BoG gives Fintechs waiver to have 50% capital in non-current assets

The Bank of Ghana has permitted 50% of the prescribed minimum capital required for existing Fintechs to be held in non-current assets, and the remaining 50% to be deposited in a designated account at the Central Bank, Governor Ernest Addison had said.  

The Central Bank in furtherance of its objectives of fostering financial innovation, has also taken into consideration the size, nature and characteristics of each financial technology company in prescribing the required minimum capital, governance, and systems requirements for all fintechs operating in Ghana.

Currently, the increasing mobile phone usage has enhanced the appeal of mobile money for payment services and holds prospects for eliminating constraints to financial inclusion. 

To meet the myriad needs of consumers of such products and widen the scope for financial technology firms and other non-bank entities in the payment ecosystem, Dr. Addison said his office in collaboration with stakeholders has developed a five-year strategic plan (2019-2024).

The key objects of the strategic plan include developing and implementing a comprehensive and clear regulatory and governance framework; promoting free, competitive and orderly development of the payments eco-system to encourage innovation, deepening financial inclusion and promote financial technologies.
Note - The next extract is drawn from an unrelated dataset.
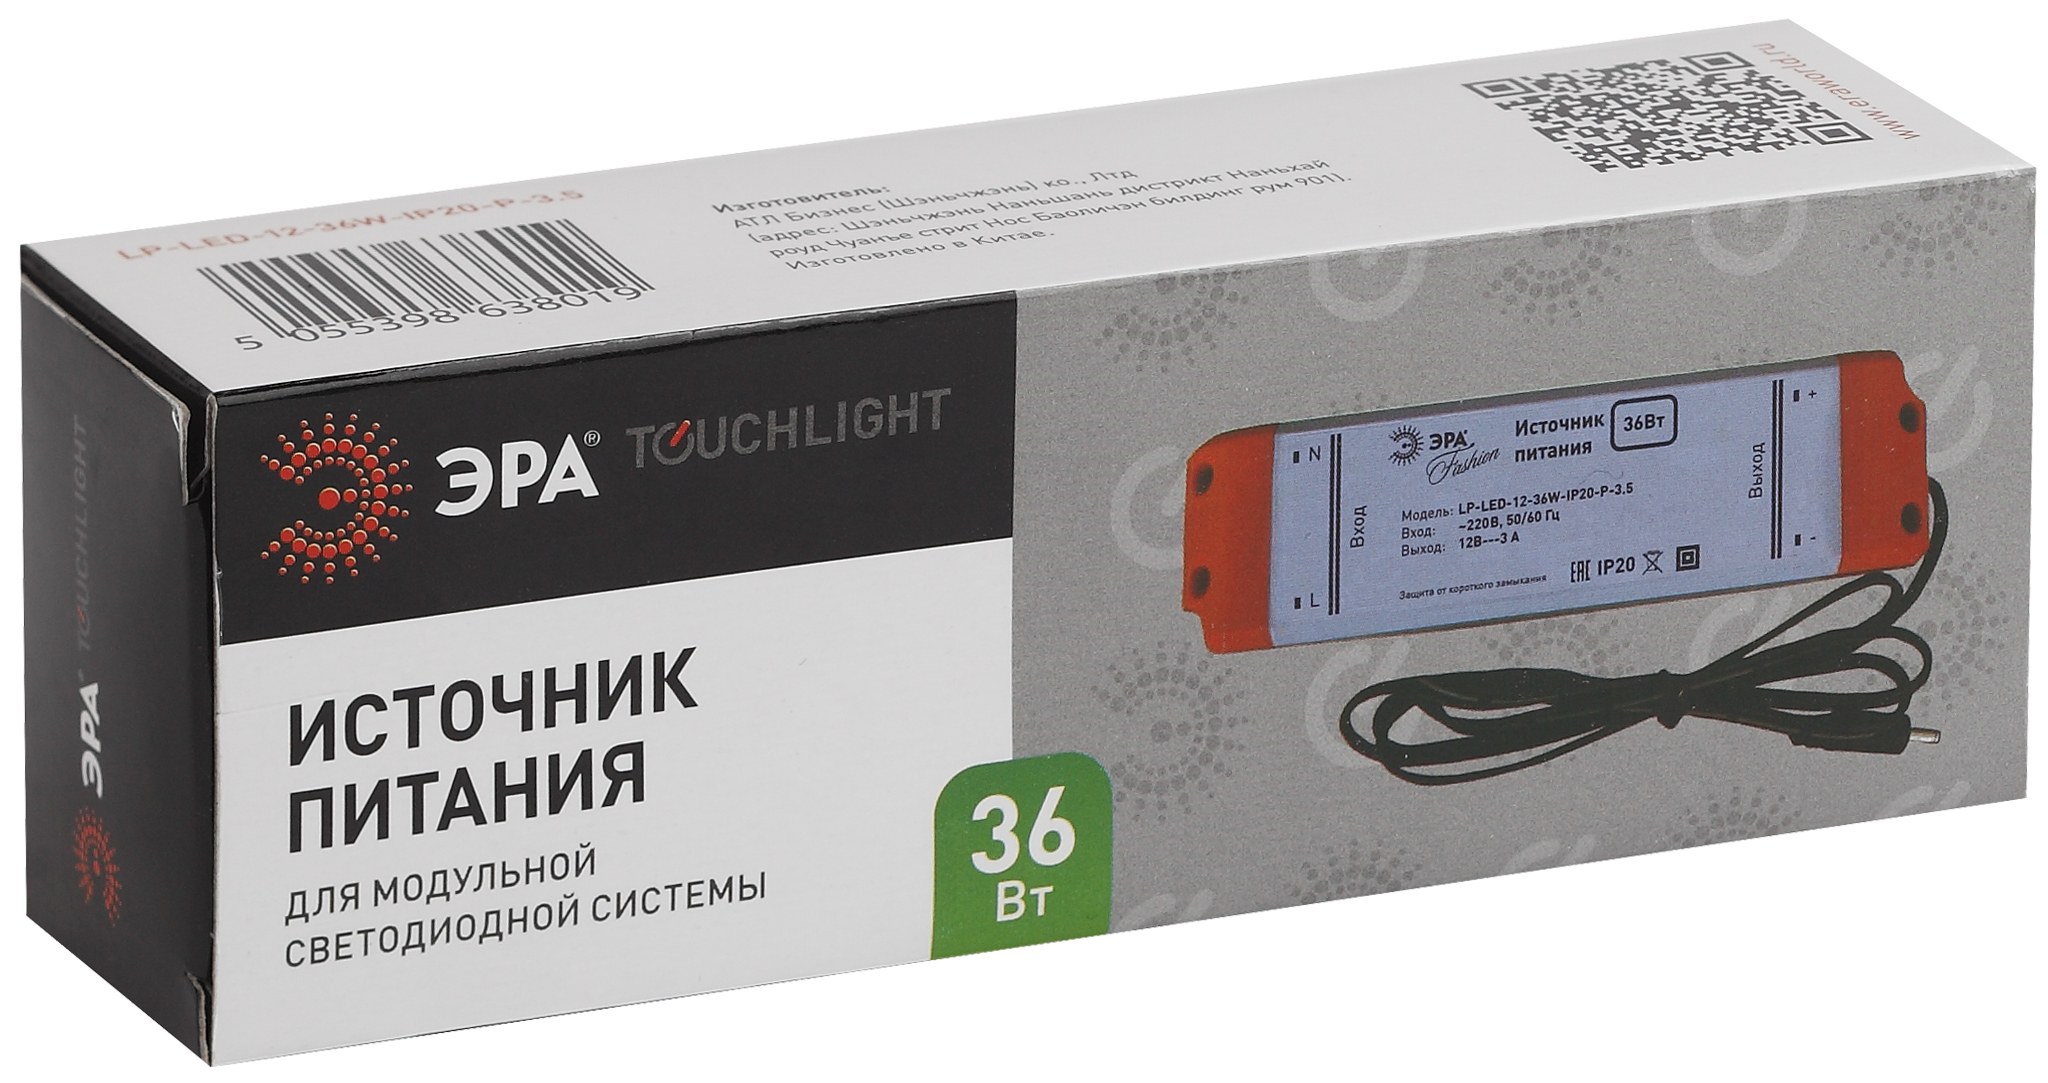 Светильник LED ДБО Tablette 850 16Вт 5000К IP65

Dr. Addison said the strategy plan also provides for leveraging Ghana’s Fintech capacity to lower barriers to the entry for non-traditional players through the strict implementation of the laws and regulations that support the development of the sector. 
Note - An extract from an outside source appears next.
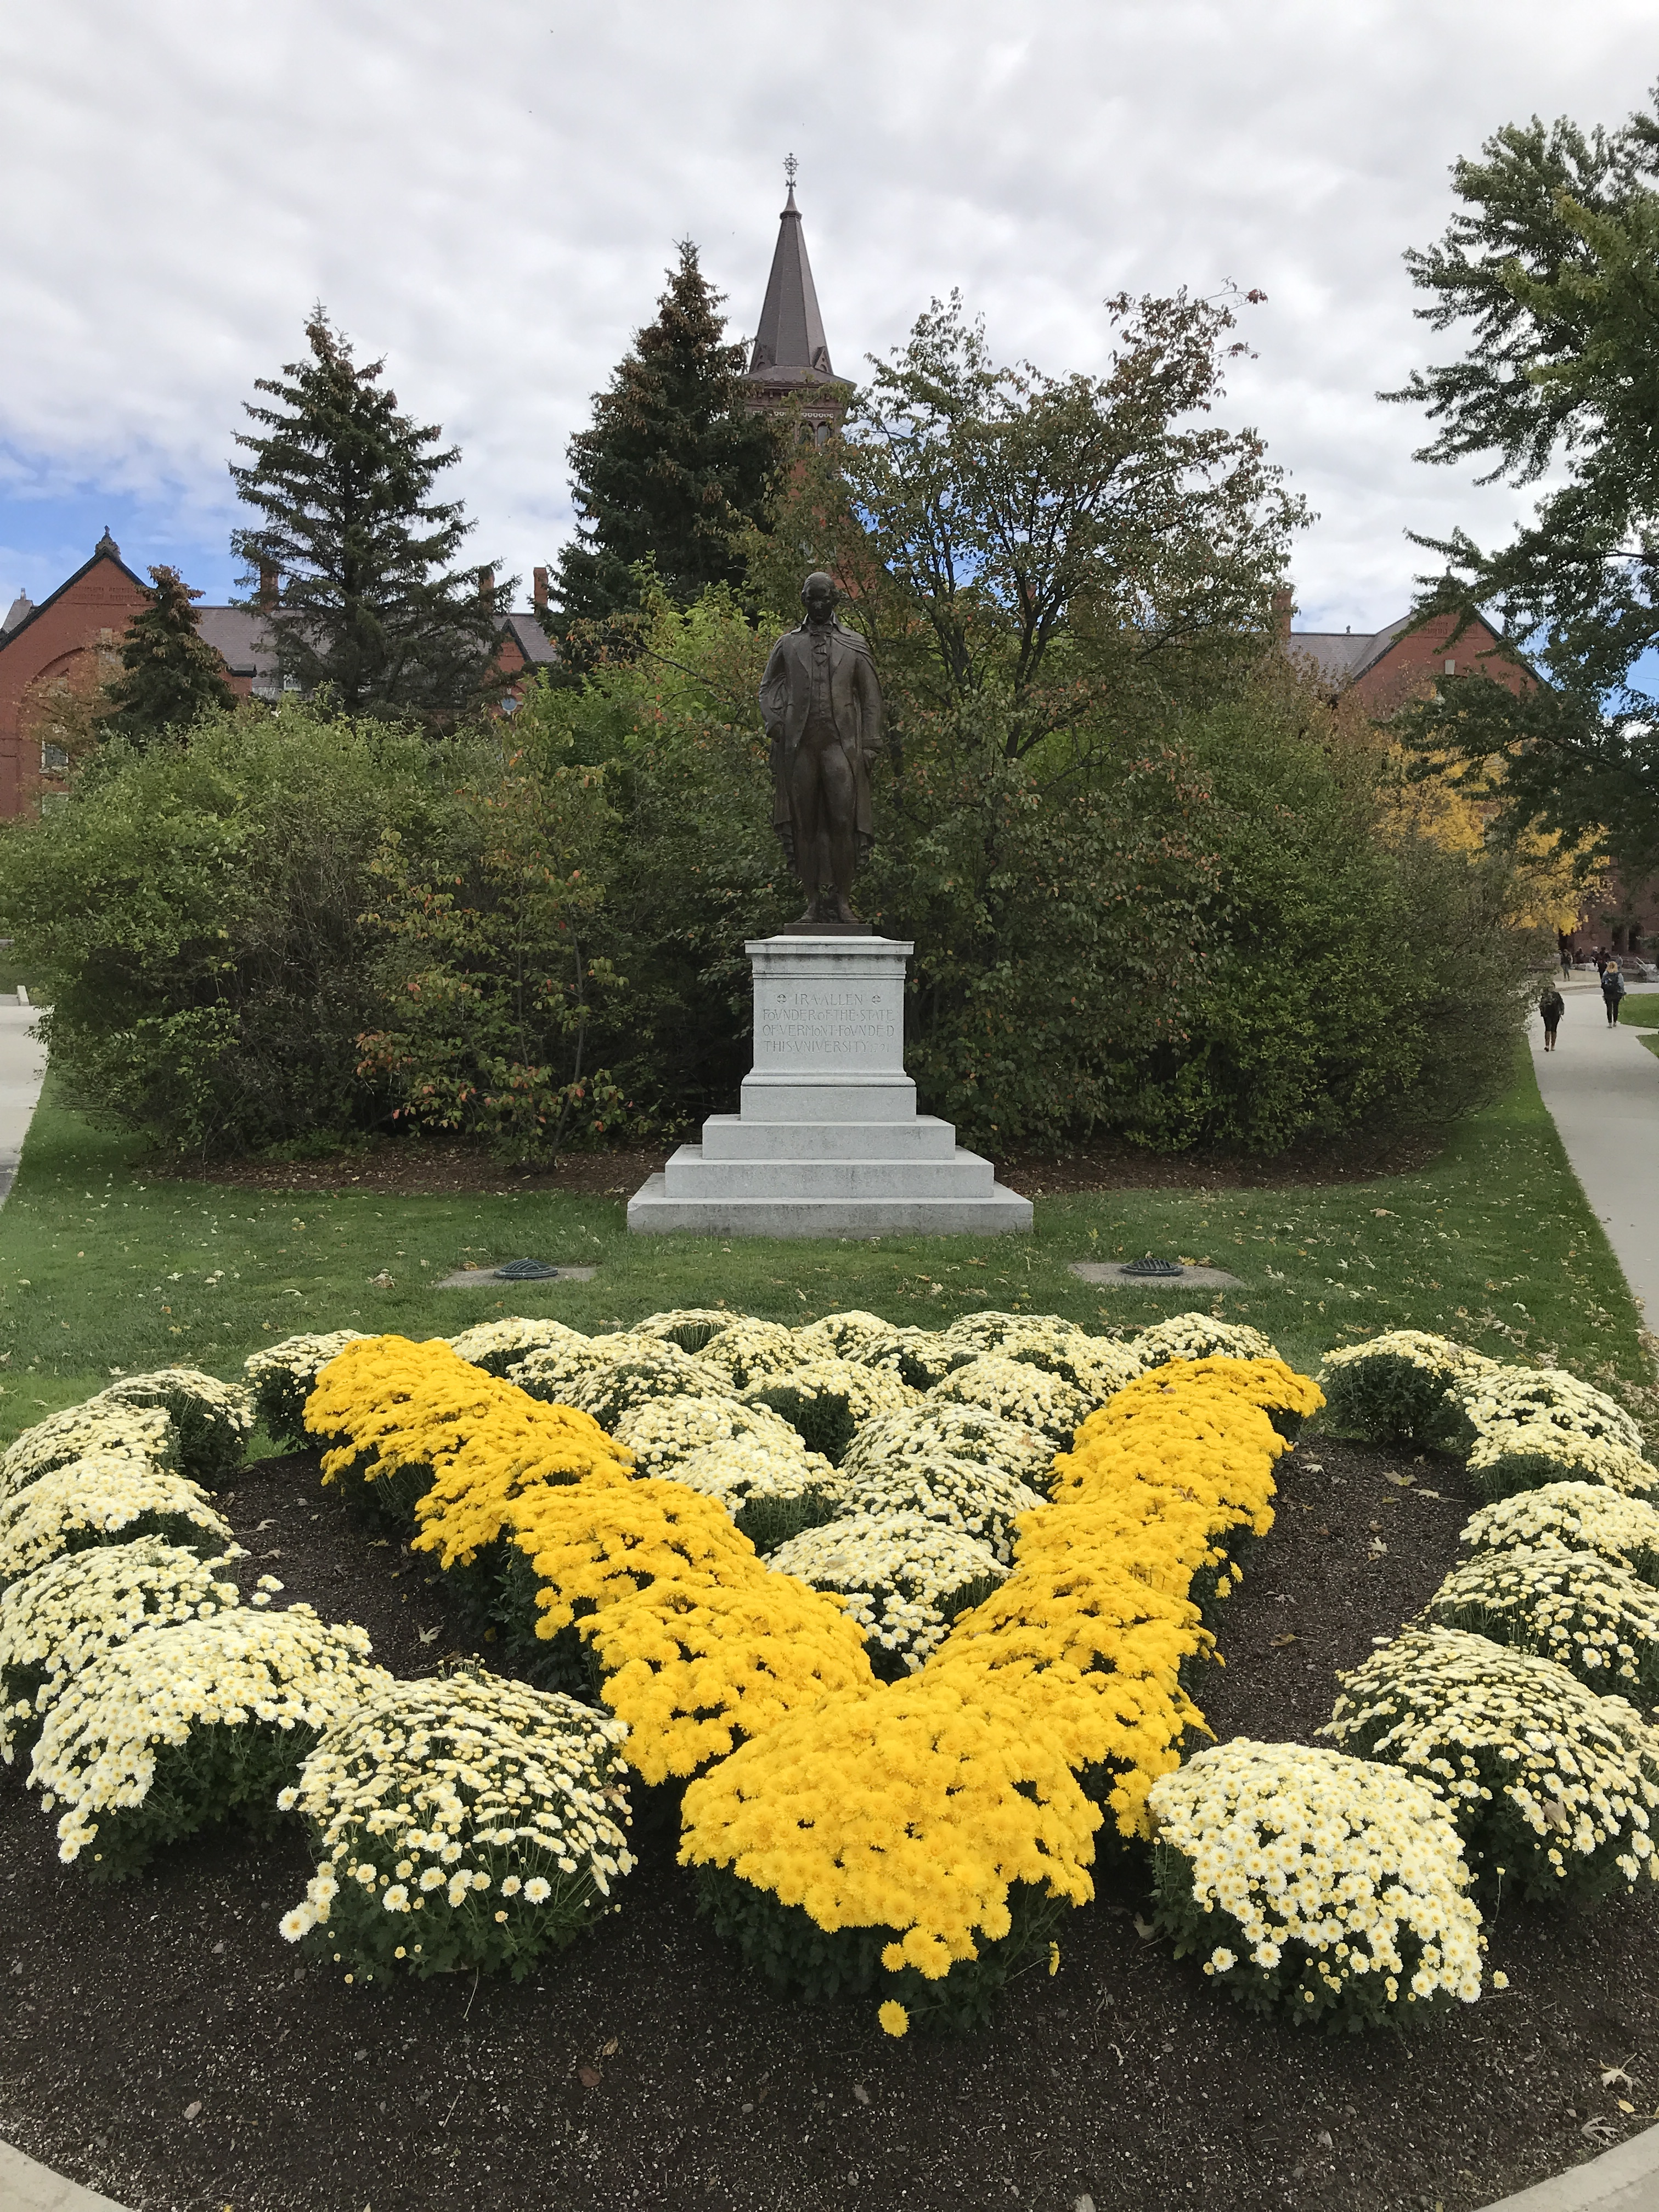 Ira Allen on the campus of the University of Vermont in Burlington

The Bank of Ghana’s policy responses to emerging financial technologies he noted will continue to be driven by the inherent risks they pose to the financial stability and ultimately to protect the consumer. 

In this direction, the Bank will fully engage all stakeholders and experts in the digital ecosystem to strike the right balance in the supervisory and regulatory frameworks.

Cyber Security Directive

Globally, the quest for cashless payments is gradually shifting consumer interfaces from the manual environment to cyber space. 

This transition is, however, being threatened by the increased spate of complex cyber security threats which poses systems risks to the financial sector and also to the financial inclusiveness agenda through its technological underpinnings. 

To counter these threats to ensure the integrity and operational security of the financial system, the Governor said the Bank of Ghana issued the Cyber Security Directive for compliance by banks and payment service providers to build a robust and resilient digital ecosystem.